### What is expected
The part below that opens with the line containing "Bright orange with" and closes with the line containing "GP ReCyko+ Pro Professional" should be copied exactly, minus any pictures.

### Source material
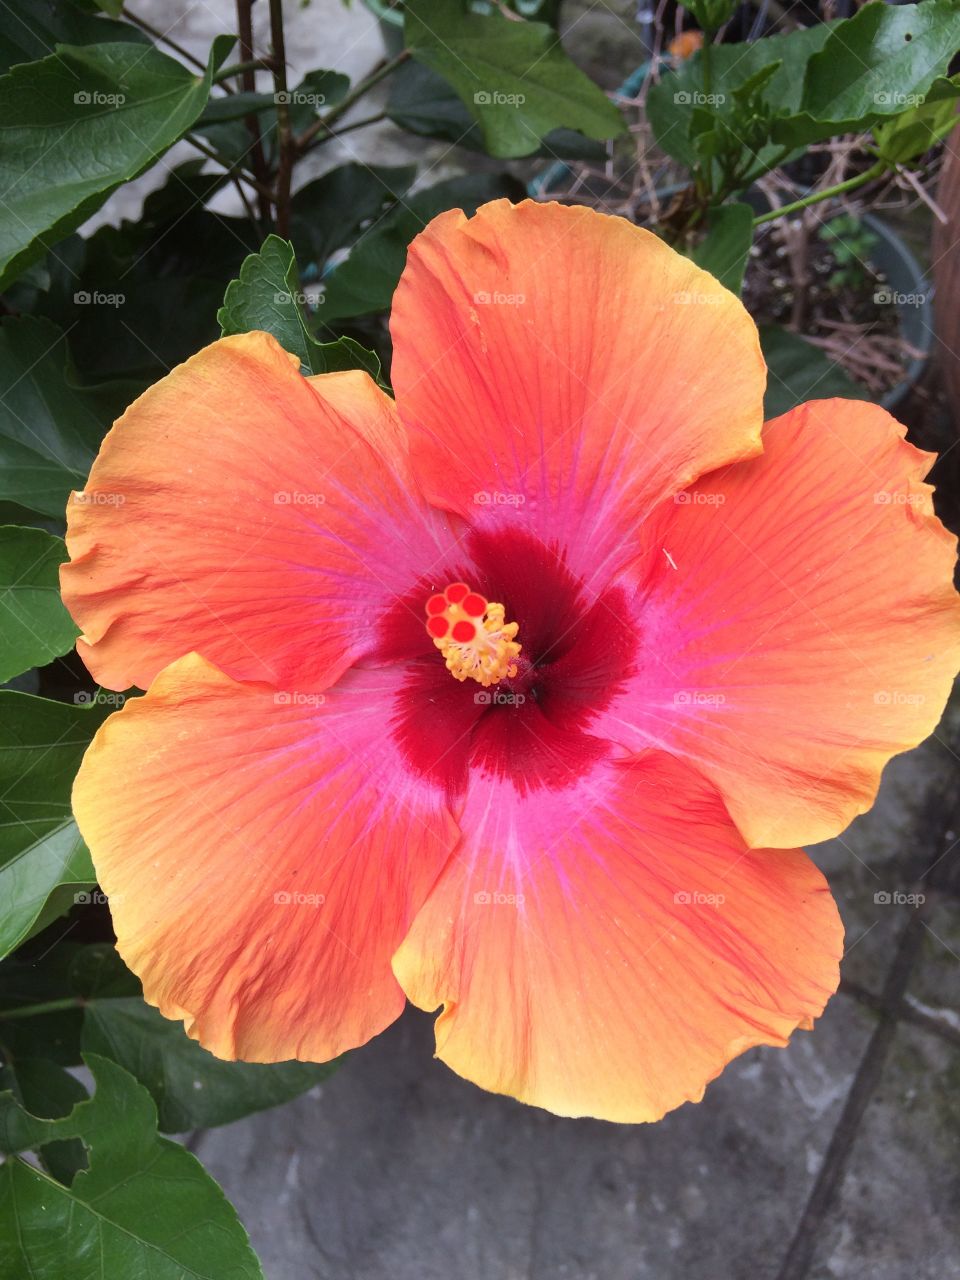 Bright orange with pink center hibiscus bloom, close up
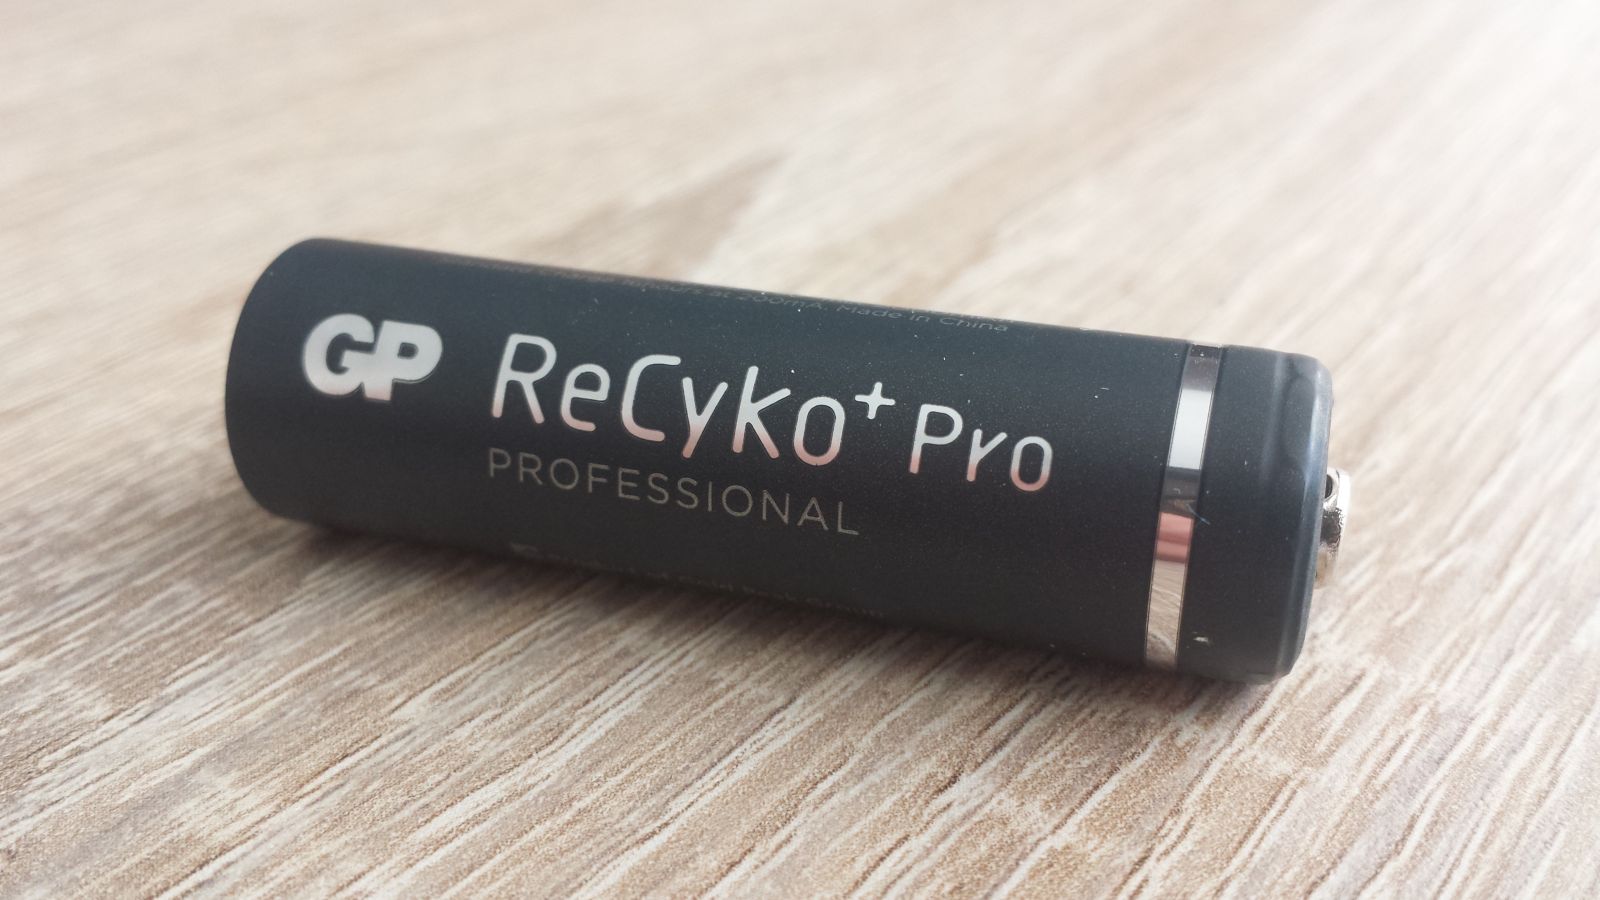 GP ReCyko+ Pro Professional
* * *
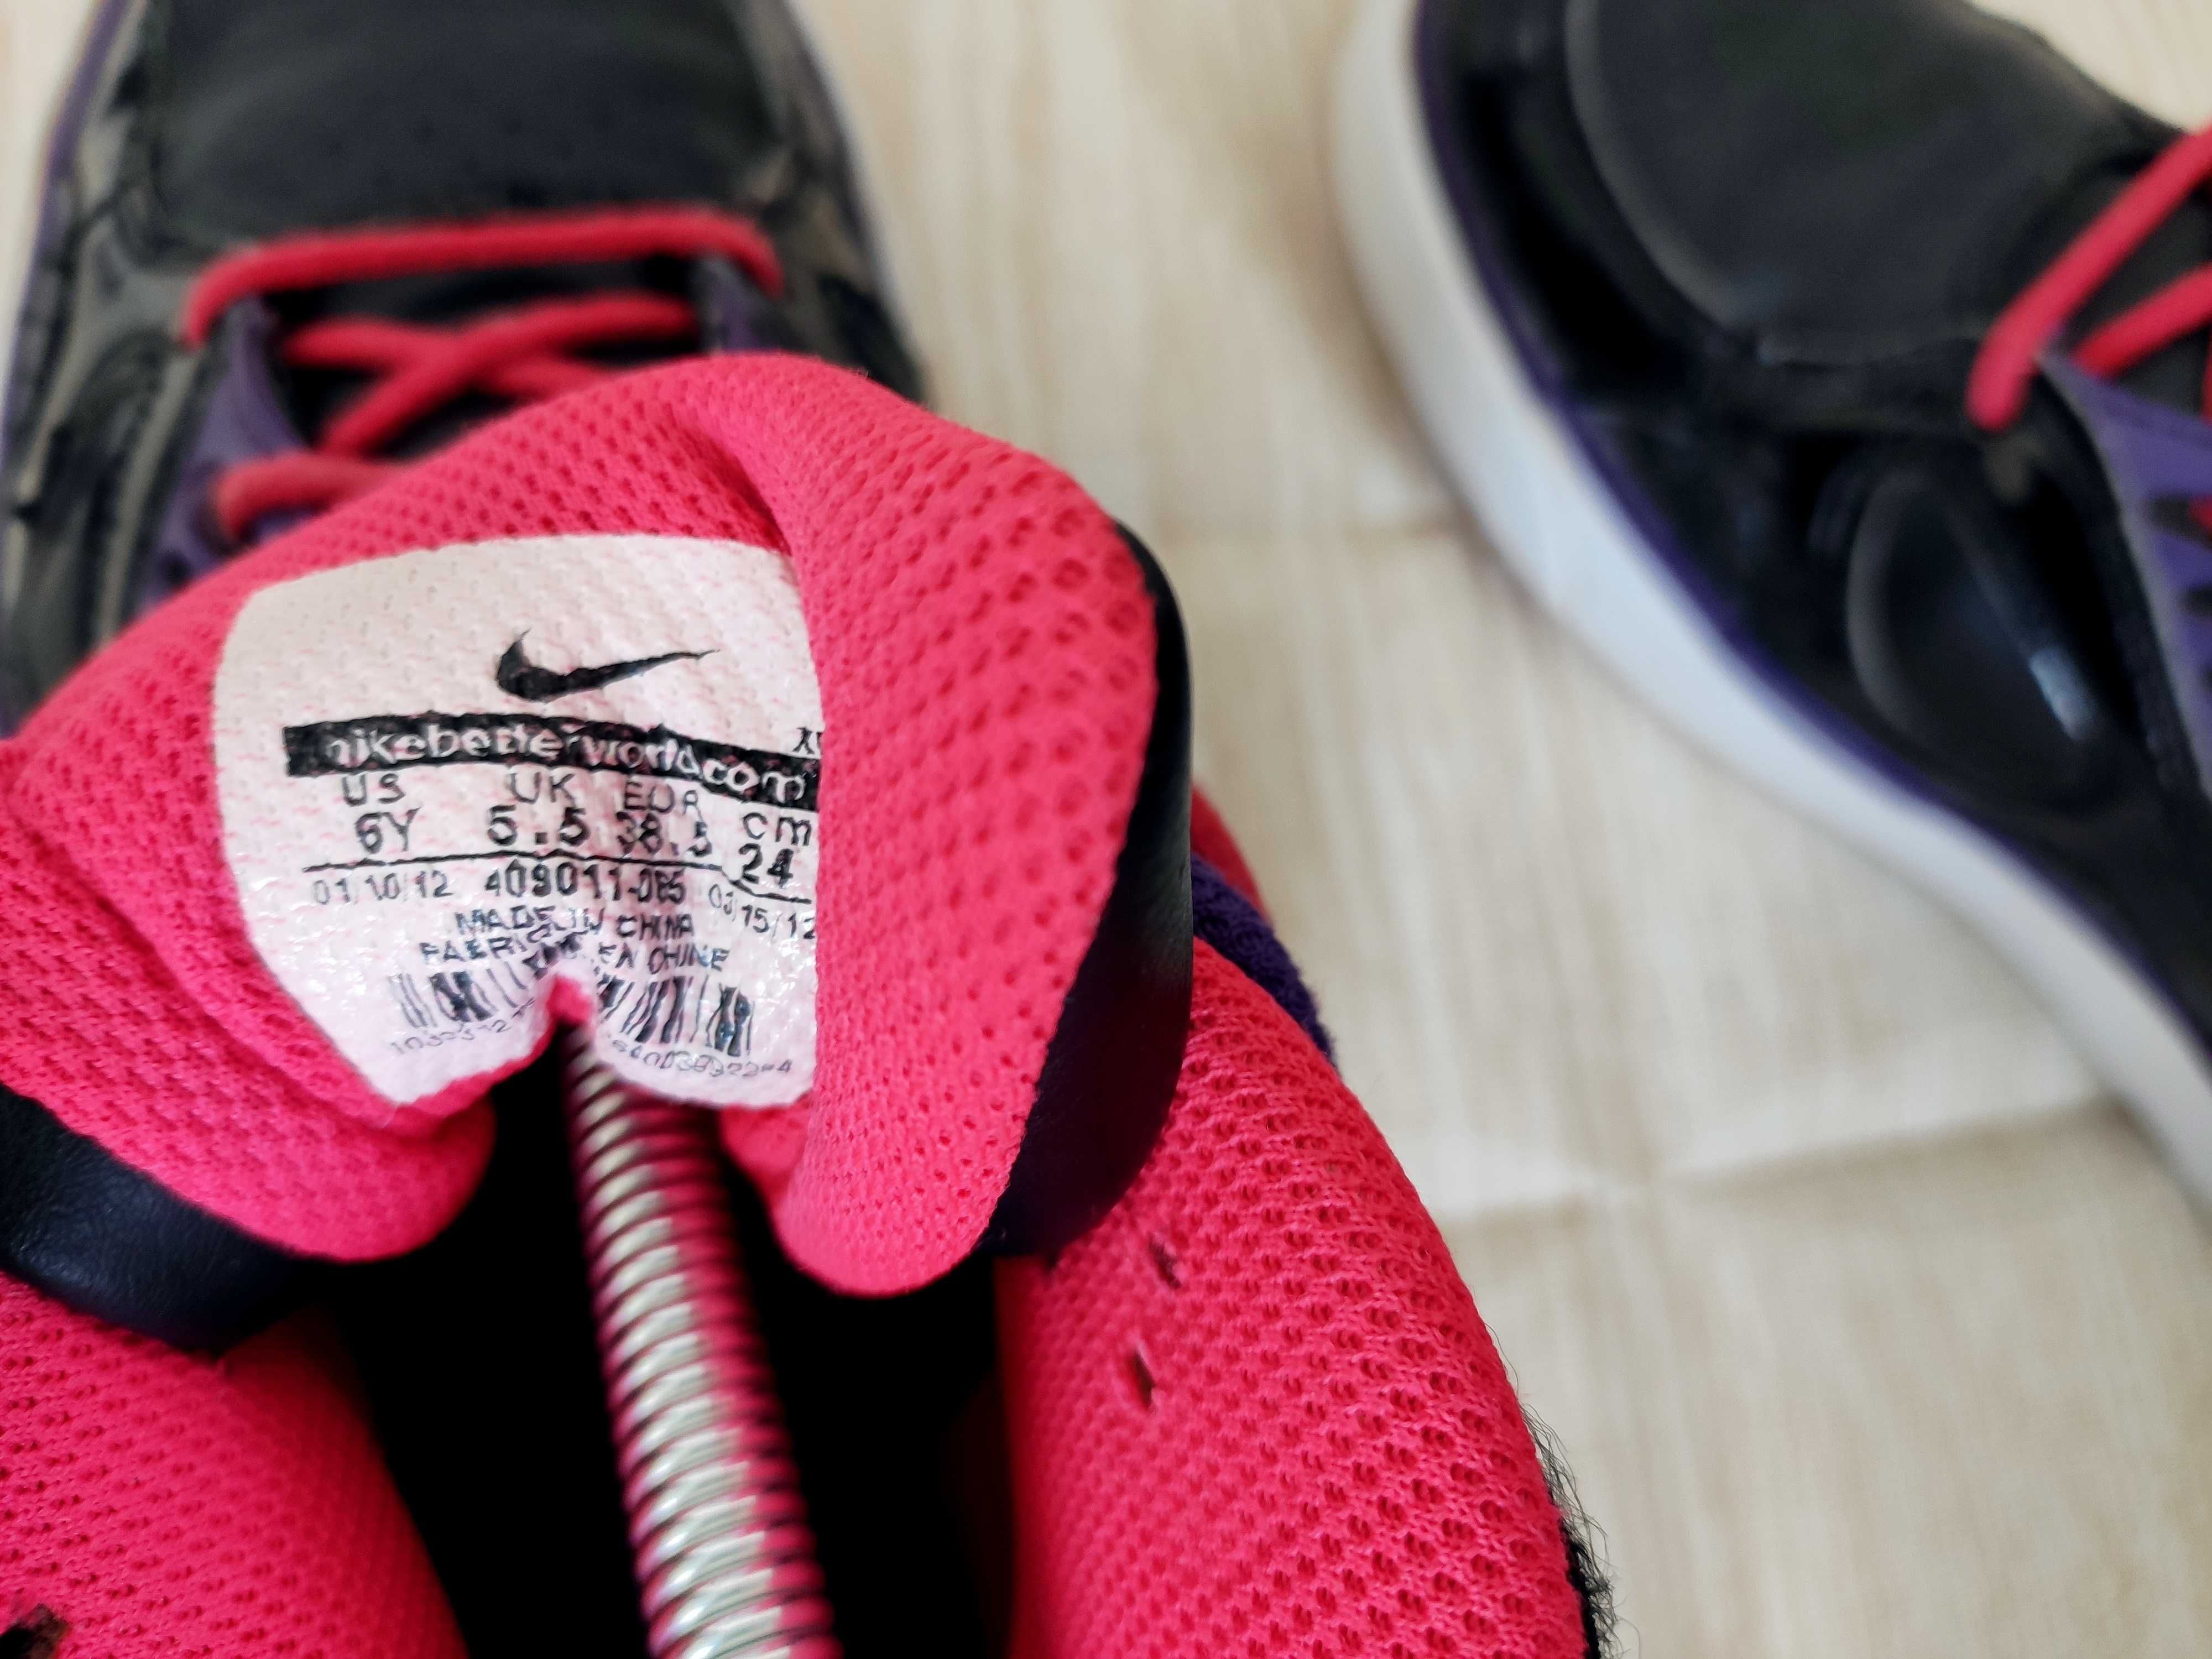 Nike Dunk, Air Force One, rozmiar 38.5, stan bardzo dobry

### Result of the task
 Bright orange with pink center hibiscus bloom, close up
 GP ReCyko+ Pro Professional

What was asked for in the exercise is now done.